→ Exercise directions:
The entries that follow should be written out exactly.

Data items:
BEGIN

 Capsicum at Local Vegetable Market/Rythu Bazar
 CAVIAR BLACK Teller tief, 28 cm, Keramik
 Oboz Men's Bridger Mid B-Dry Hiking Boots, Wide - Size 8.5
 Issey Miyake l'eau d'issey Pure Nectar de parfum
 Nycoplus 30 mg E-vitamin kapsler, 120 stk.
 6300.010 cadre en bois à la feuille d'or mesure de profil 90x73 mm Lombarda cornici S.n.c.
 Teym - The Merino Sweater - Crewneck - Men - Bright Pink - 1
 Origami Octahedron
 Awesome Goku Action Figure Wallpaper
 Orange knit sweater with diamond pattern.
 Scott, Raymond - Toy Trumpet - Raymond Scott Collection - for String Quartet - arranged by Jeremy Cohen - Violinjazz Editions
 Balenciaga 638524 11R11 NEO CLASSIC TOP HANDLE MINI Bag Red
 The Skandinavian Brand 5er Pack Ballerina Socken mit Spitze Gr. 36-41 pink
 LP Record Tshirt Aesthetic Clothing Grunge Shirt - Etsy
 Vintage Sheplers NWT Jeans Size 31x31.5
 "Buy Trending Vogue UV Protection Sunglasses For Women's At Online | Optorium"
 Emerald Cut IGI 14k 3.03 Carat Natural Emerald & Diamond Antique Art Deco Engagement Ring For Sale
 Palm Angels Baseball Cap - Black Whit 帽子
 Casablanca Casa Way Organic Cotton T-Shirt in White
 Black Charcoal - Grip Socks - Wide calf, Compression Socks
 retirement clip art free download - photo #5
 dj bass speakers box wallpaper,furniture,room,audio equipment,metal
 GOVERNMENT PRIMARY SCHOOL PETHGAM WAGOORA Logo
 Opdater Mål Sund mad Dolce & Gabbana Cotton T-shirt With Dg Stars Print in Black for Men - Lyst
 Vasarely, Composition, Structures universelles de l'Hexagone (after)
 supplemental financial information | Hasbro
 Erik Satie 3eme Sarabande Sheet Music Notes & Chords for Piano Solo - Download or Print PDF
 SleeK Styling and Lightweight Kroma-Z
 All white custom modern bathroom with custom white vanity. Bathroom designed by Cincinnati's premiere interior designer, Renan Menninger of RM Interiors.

END

→ Result for this exercise:
 Capsicum at Local Vegetable Market/Rythu Bazar
 CAVIAR BLACK Teller tief, 28 cm, Keramik
 Oboz Men's Bridger Mid B-Dry Hiking Boots, Wide - Size 8.5
 Issey Miyake l'eau d'issey Pure Nectar de parfum
 Nycoplus 30 mg E-vitamin kapsler, 120 stk.
 6300.010 cadre en bois à la feuille d'or mesure de profil 90x73 mm Lombarda cornici S.n.c.
 Teym - The Merino Sweater - Crewneck - Men - Bright Pink - 1
 Origami Octahedron
 Awesome Goku Action Figure Wallpaper
 Orange knit sweater with diamond pattern.
 Scott, Raymond - Toy Trumpet - Raymond Scott Collection - for String Quartet - arranged by Jeremy Cohen - Violinjazz Editions
 Balenciaga 638524 11R11 NEO CLASSIC TOP HANDLE MINI Bag Red
 The Skandinavian Brand 5er Pack Ballerina Socken mit Spitze Gr. 36-41 pink
 LP Record Tshirt Aesthetic Clothing Grunge Shirt - Etsy
 Vintage Sheplers NWT Jeans Size 31x31.5
 "Buy Trending Vogue UV Protection Sunglasses For Women's At Online | Optorium"
 Emerald Cut IGI 14k 3.03 Carat Natural Emerald & Diamond Antique Art Deco Engagement Ring For Sale
 Palm Angels Baseball Cap - Black Whit 帽子
 Casablanca Casa Way Organic Cotton T-Shirt in White
 Black Charcoal - Grip Socks - Wide calf, Compression Socks
 retirement clip art free download - photo #5
 dj bass speakers box wallpaper,furniture,room,audio equipment,metal
 GOVERNMENT PRIMARY SCHOOL PETHGAM WAGOORA Logo
 Opdater Mål Sund mad Dolce & Gabbana Cotton T-shirt With Dg Stars Print in Black for Men - Lyst
 Vasarely, Composition, Structures universelles de l'Hexagone (after)
 supplemental financial information | Hasbro
 Erik Satie 3eme Sarabande Sheet Music Notes & Chords for Piano Solo - Download or Print PDF
 SleeK Styling and Lightweight Kroma-Z
 All white custom modern bathroom with custom white vanity. Bathroom designed by Cincinnati's premiere interior designer, Renan Menninger of RM Interiors.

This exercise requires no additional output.